0.5% is less than 1.6%, you say? Yes it is, but hey, “at least it gives me free flights and flights are expensive”. It’s irrational, but we’re humans and that’s what we can be – irrational.
Using the tables and figures above, you should be able to compare how many points you require for a given redemption, and therefore how much (in dollars) this requires you to get there. You can then compare that to the amount of cashback you would’ve received had you used a cashback Credit Card instead.
Personally, I believe having cashback Credit Cards gives you the flexibility to use the cash on what you want, when you want, and this is why I’ve decided that out of the 4 options:
- Flexible Miles Credit Cards
- Direct-Earn Credit Cards
- Universal Rate – Cashback Credit Cards
- Categorised Cashback Credit Cards
The 3rd option is the easiest and simplest for your average person who wants less headache/admin. A universal 1.6% cashback with the Maybank FC Barcelona Visa Card is a really solid option. If you’re willing to put in the effort, figure out what your travel plans are likely to be and what the most optimal redemption options are given your travel plans are, then you should definitely consider the miles-earning Credit Cards – because the 1.2 mpd you earn could be more lucrative than 1.6% cashback.

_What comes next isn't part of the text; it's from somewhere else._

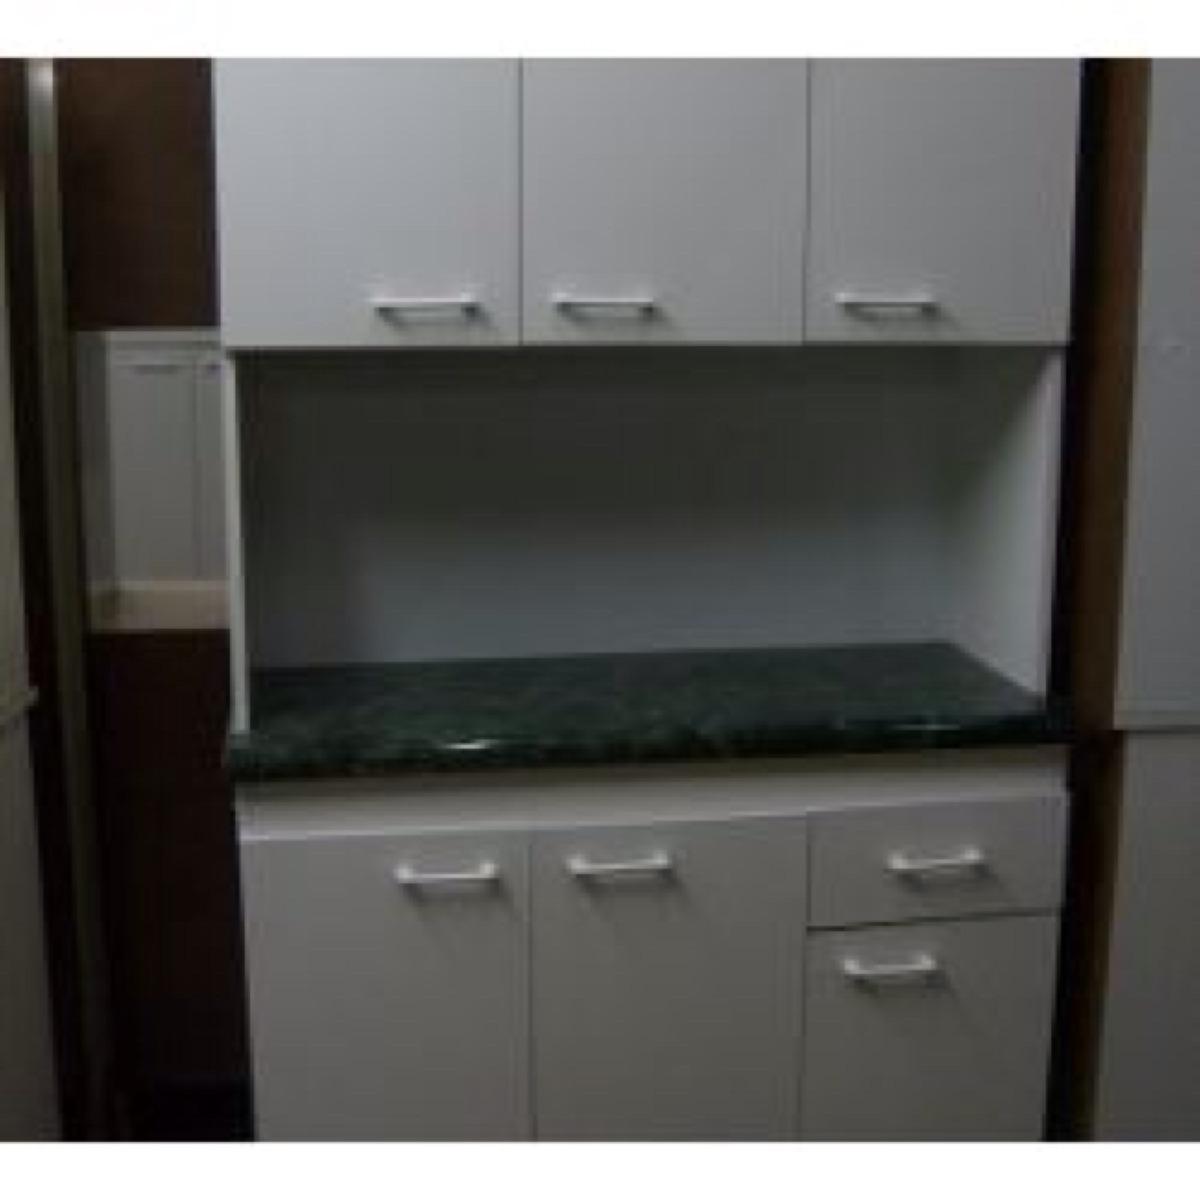 Mueble cocina compacto en mercado libre for Mueble compacto tv

Beyond that, the Categorised Cashback Credit Cards could well be even better – but they pretty much all have minimum spend requirements (sometimes per category) and maximum cashback amounts (again, sometimes per category). Personally, even someone as dedicated as me to “hacking” the game has found the game of Categorised Cashback Credit Cards simply too much to track for too little return. The Categorised ones would be great, if it weren’t for the minimum spends etc., but it really does make a huge difference to how easy it is for me as a consumer to reap the benefits to the maximum. If you’re game enough to do it, go for it. You’ll be rewarded accordingly with much higher cashbacks than 1.6% across the board!
By the way – there are also miles-earning cards that are categorised. However, they don’t tend to be as fragmented as cashback cards. The “worst” fragmenting I’ve seen is overseas vs local expenditure, and/or bonus points on Singapore Airlines expenditure or Grab expenditure.
Well, that was a long one. Let me know if you’ve got any questions – I would not be surprised if fresh questions have been triggered from reading this. Ask away!